You can create much the same kind of network with NTP as you could with TimeSync. It requires more than one time server, but your clients only have to directly speak with one of the time servers in the group. Yet the same type of robustness can be had.

The concept is founded in the "peer" association for NTP. The definition of this verb is rather dry:
For type s addresses (only), this command mobilizes a persistent symmetric-active mode association with the specified remote peer.
And doesn't tell you much. This is much clearer:
Symmetric active/passive mode is intended for configurations were a clique of low-stratum peers operate as mutual backups for each other. Each peer operates with one or more primary reference sources, such as a radio clock, or a set of secondary (stratum, 2) servers known to be reliable and authentic. Should one of the peers lose all reference sources or simply cease operation, the other peers will automatically reconfigure so that time and related values can flow from the surviving peers to all hosts in the subnet.

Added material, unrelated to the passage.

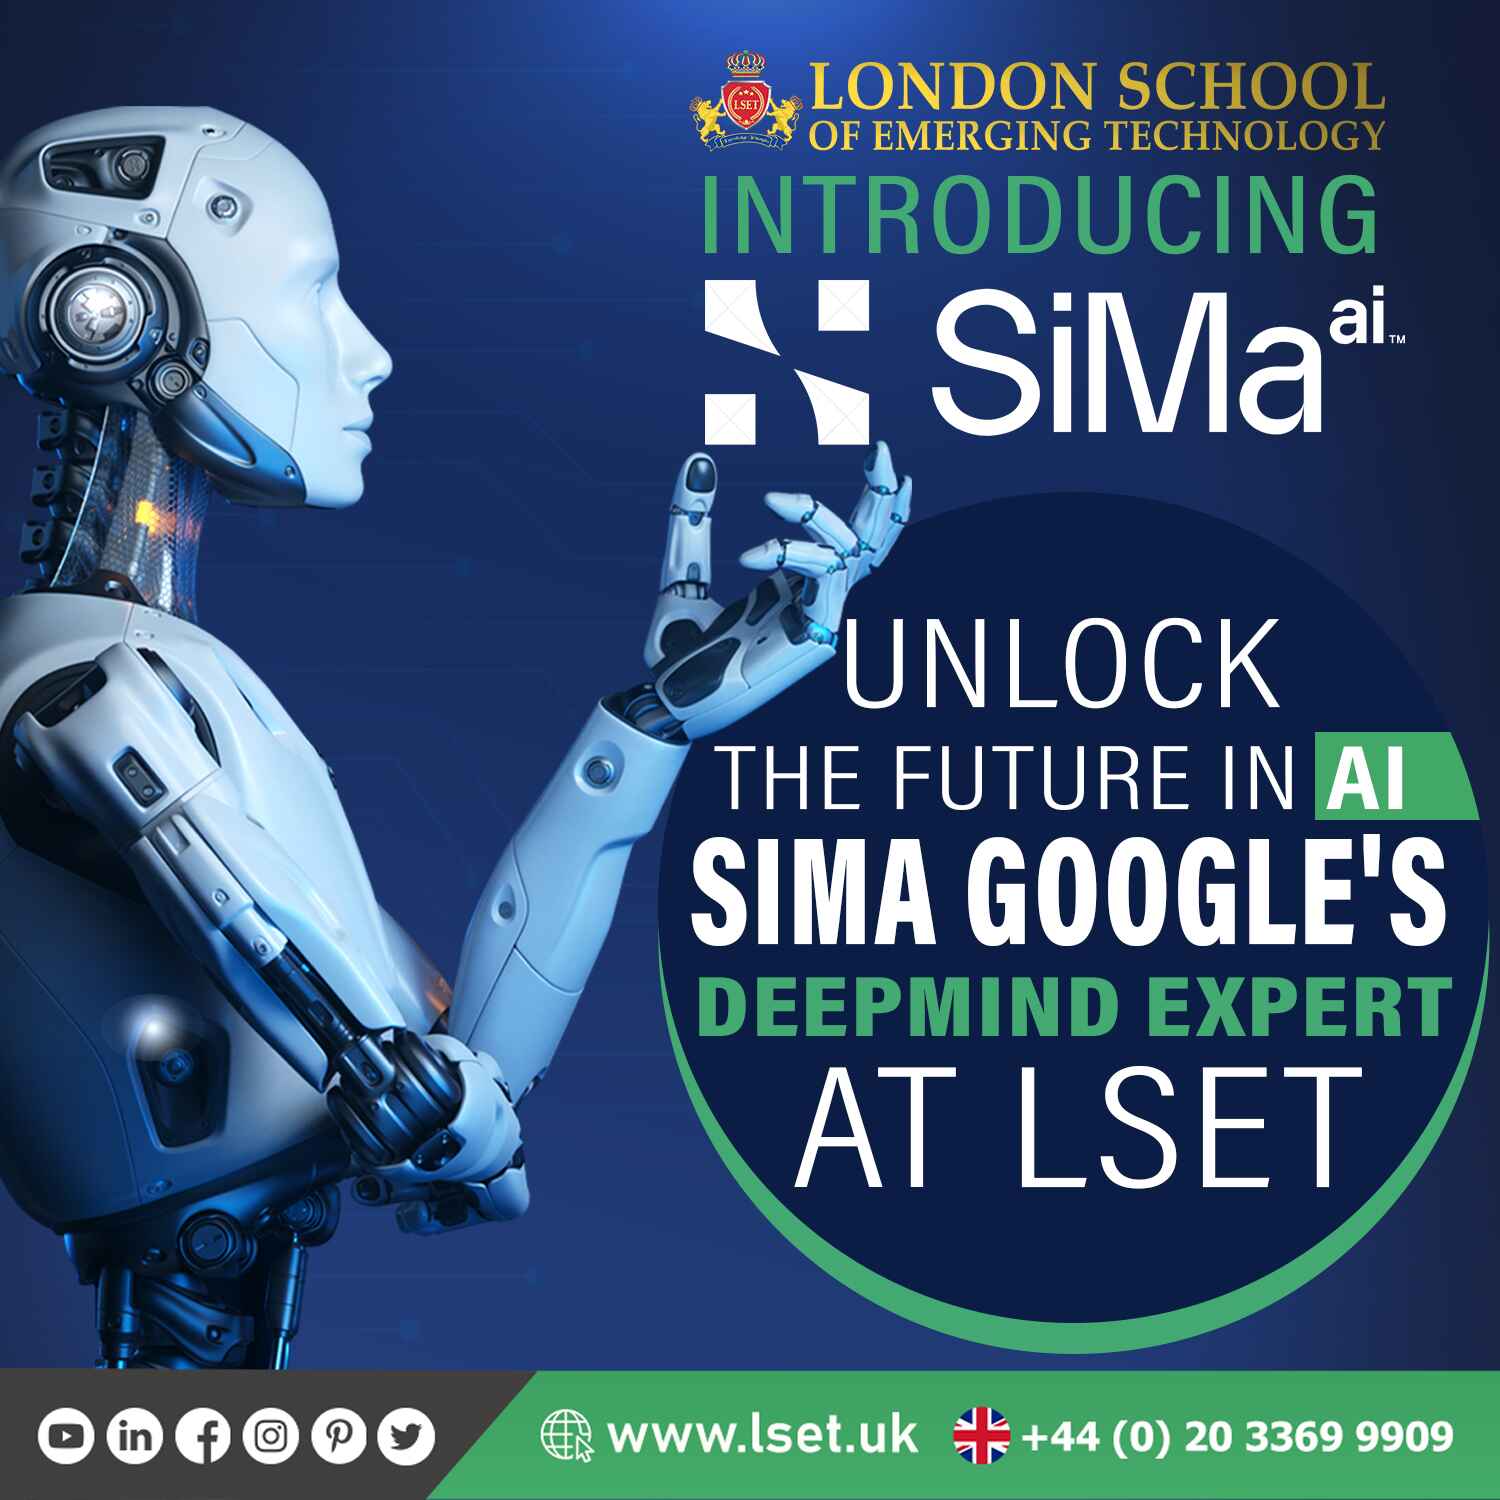 London School of Emerging Technology Announces New Expert-Led Series on Advanced AI Innovations

In some contexts this would be described as a "push-pull" operation, in that the peer either pulls or pushes the time and related values depending on the particular configuration.
Unlike TimeSync, if all the peers lose their upstreams (the internet connection is down) then the entire infrastructure goes out of sync. This can be mitigated somewhat through judicious use of the 'maxpoll' parameter; set it high enough, and it can be hours (or days if you set it really high) before the peer even notices it can't talk to its upstream and will continue to report in-sync time to clients.

It is also a very good idea to use ACLs in your ntp.conf file to restrict what types of connections clients can mobilize. It is quite possible to be evil to NTP servers. You can turn on enough options to allow trouble-shooting, but not allow config changes.

It is a very good idea for your peers to be cryptographically associated with each other as well. There are at least two methods for this with NTP, v3's autokey, and v4's symmetric key. Autokey is a somewhat easier to set up preshared-key system, symmetric key is more secure, either is more preferable to nothing.

Here is a pair of /etc/ntp.conf files for a hypothetical set of WWU time-servers (items like drift-file and logging options have been omitted):
server 0.north-america.pool.ntp.org maxpoll 13
server 1.north-america.pool.ntp.org maxpoll 13
peer 140.160.247.31 key 1

enable auth monitor
keys /etc/ntp.keys
trustedkey 1
requestkey 1

restrict default ignore
restrict 140.160.0.0 mask 255.255.0.0 nomodify nopeer
restrict 140.160.247.31
server 2.north-america.pool.ntp.org maxpoll 13
server 3.north-america.pool.ntp.org maxpoll 13
peer 140.160.11.86 key 1

enable auth monitor
keys /etc/ntp.keys
trustedkey 1
requestkey 1

restrict default ignore
restrict 140.160.0.0 mask 255.255.0.0 nomodify nopeer
restrict 140.160.11.86

The 'maxpoll' values ensure that once time has been synchronized for long enough, the time between polls of the upstream NTP servers will be 137 minutes. Hopefully, any internet outages should be less then that. Setting max-poll to even higher values will allow longer times between polling intervals, and therefore longer internet outage tolerance. This can get QUITE long, I've seen some NTP servers that poll twice a week.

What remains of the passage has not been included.